The data:
───

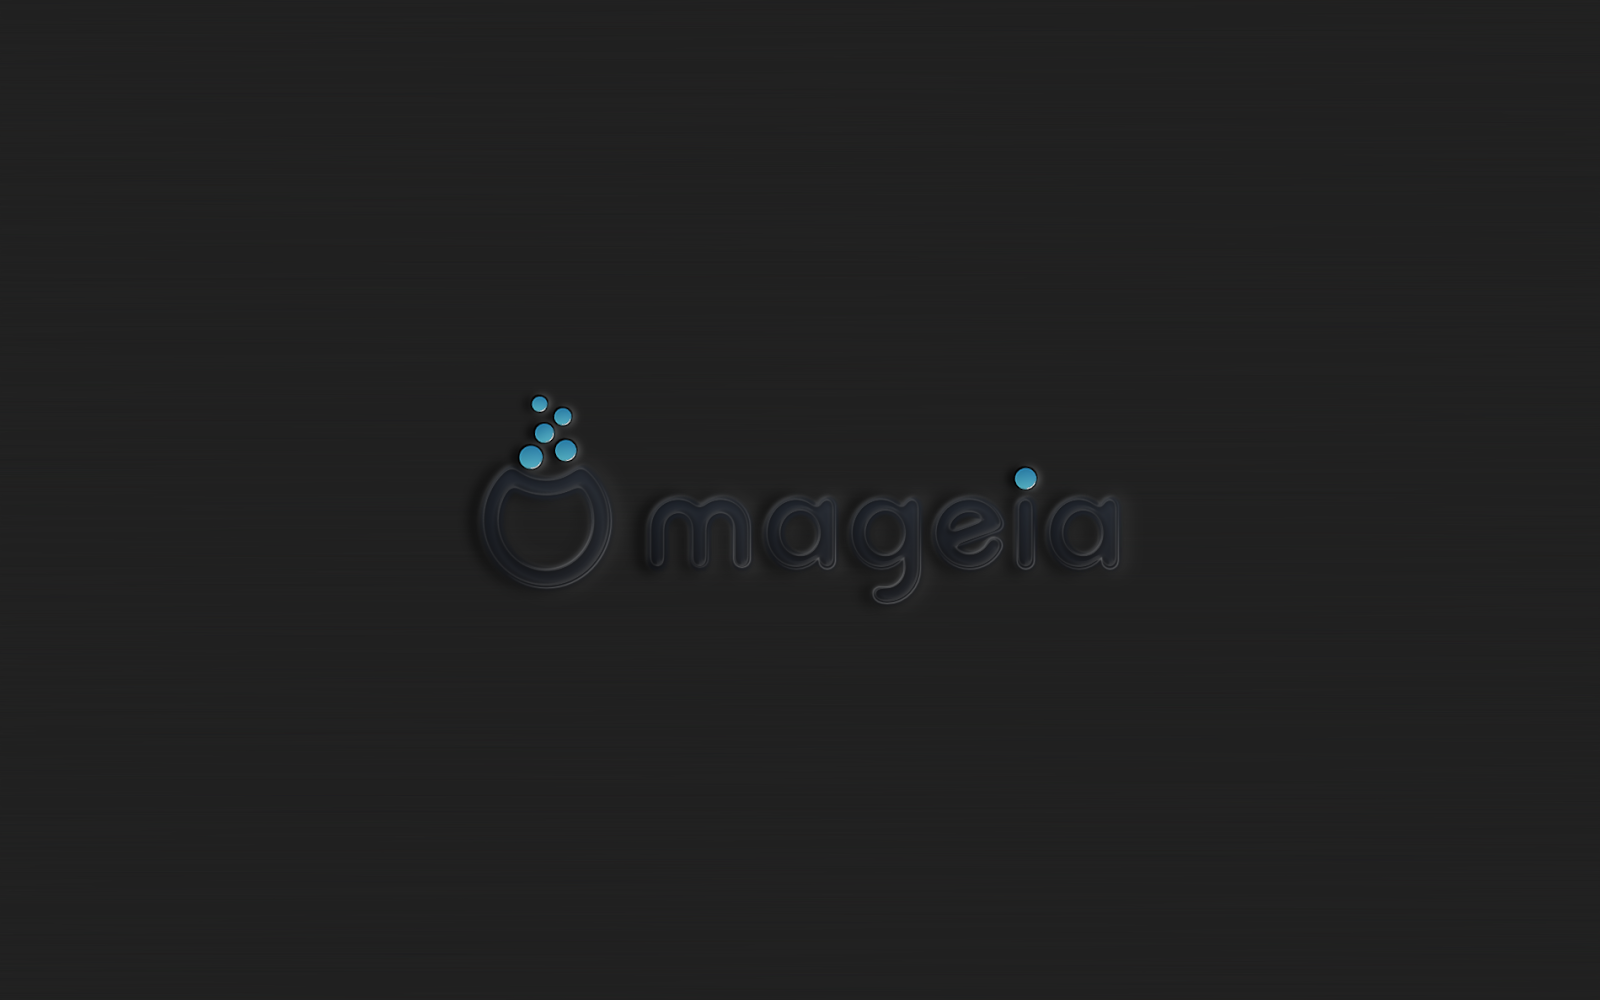 Linux Wallpaper Mageia
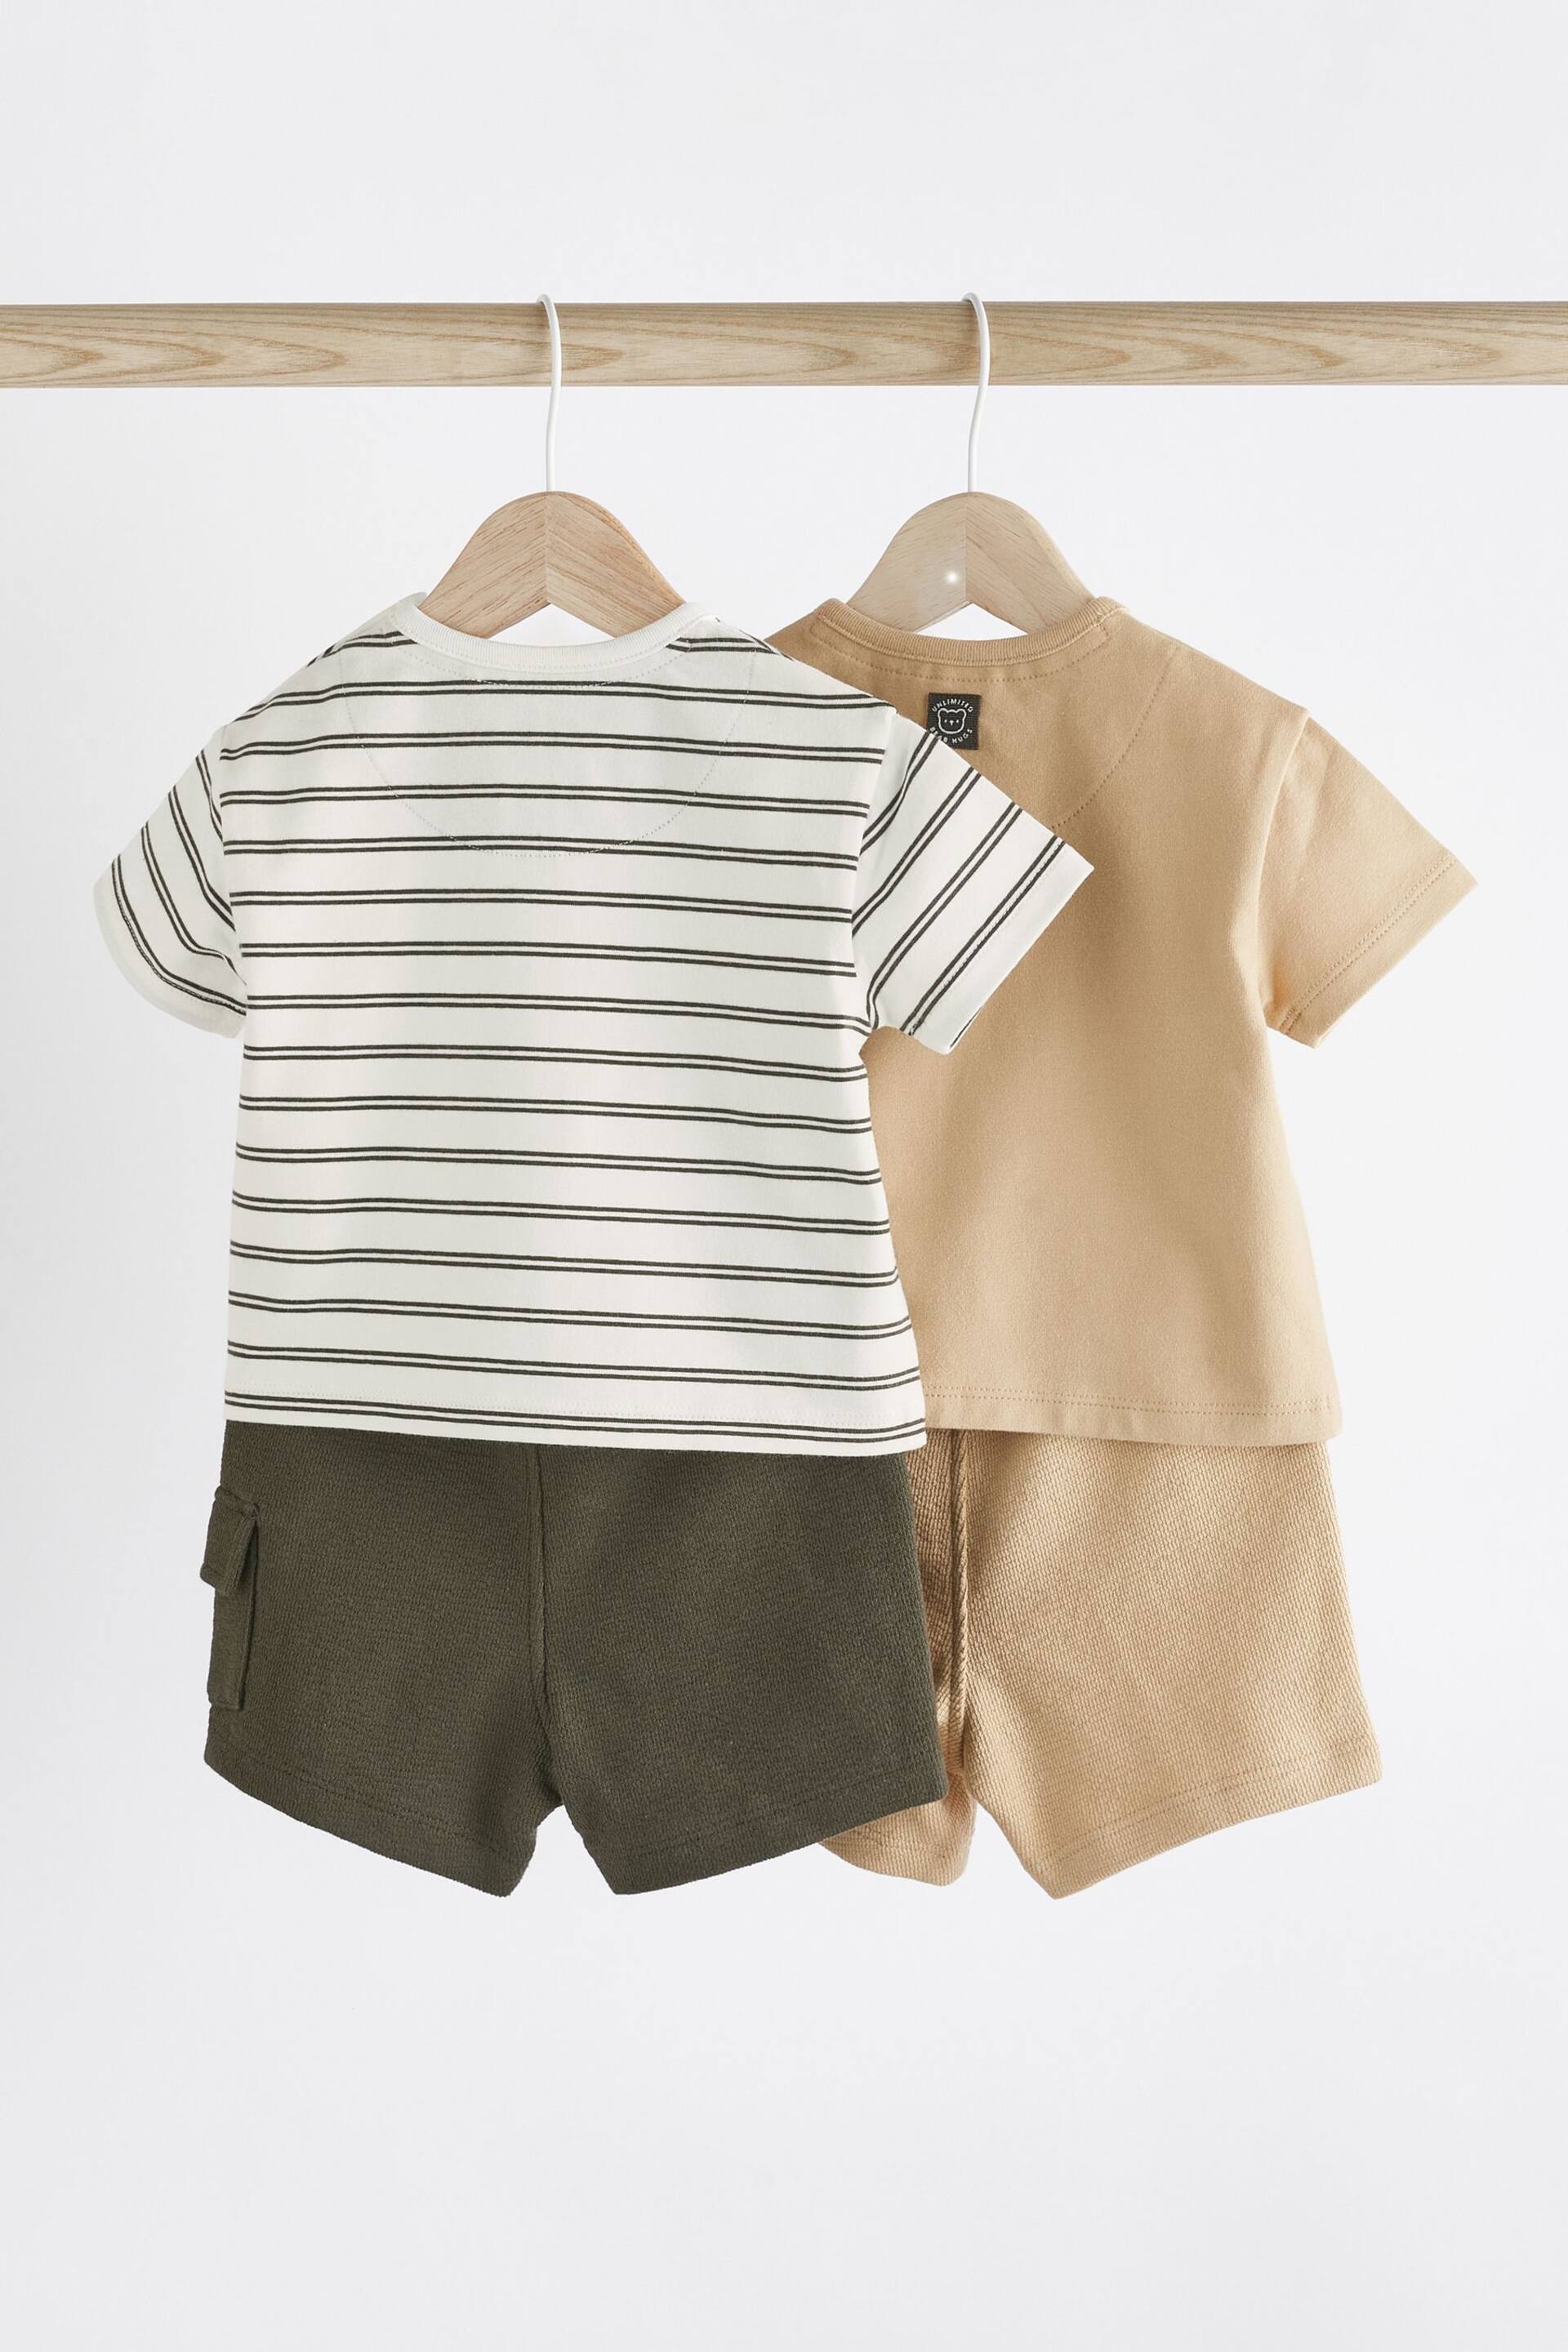 Monochrome Baby T-Shirts And Shorts Set 2 Pack - Image 2 of 10
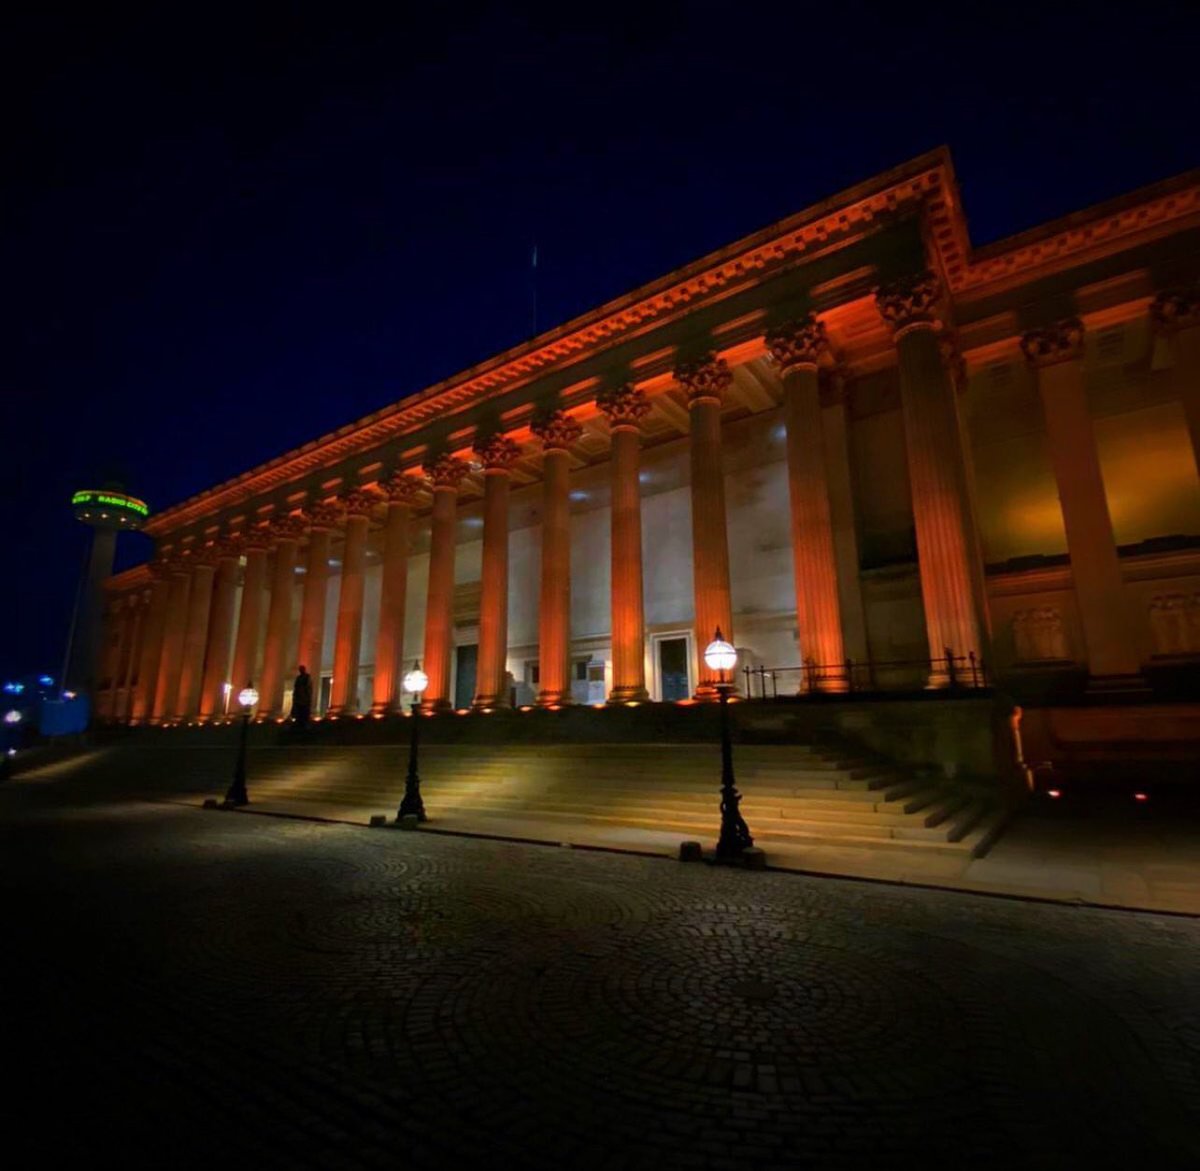 The following buildings will be lit in orange, Megan's favorite colour. We hope you can find time to reflect & remember 🧡 The Royal Liver Building Liverpool Town Hall St. George's Hall The Cunard Building St. John's Beacon The George's Dock Building The Mersey Gateway Bridge

───

Prompt: Retype the listing exactly. Leave the pictures out.

Result of the task:
 Linux Wallpaper Mageia
 Monochrome Baby T-Shirts And Shorts Set 2 Pack - Image 2 of 10
 The following buildings will be lit in orange, Megan's favorite colour. We hope you can find time to reflect & remember 🧡 The Royal Liver Building Liverpool Town Hall St. George's Hall The Cunard Building St. John's Beacon The George's Dock Building The Mersey Gateway Bridge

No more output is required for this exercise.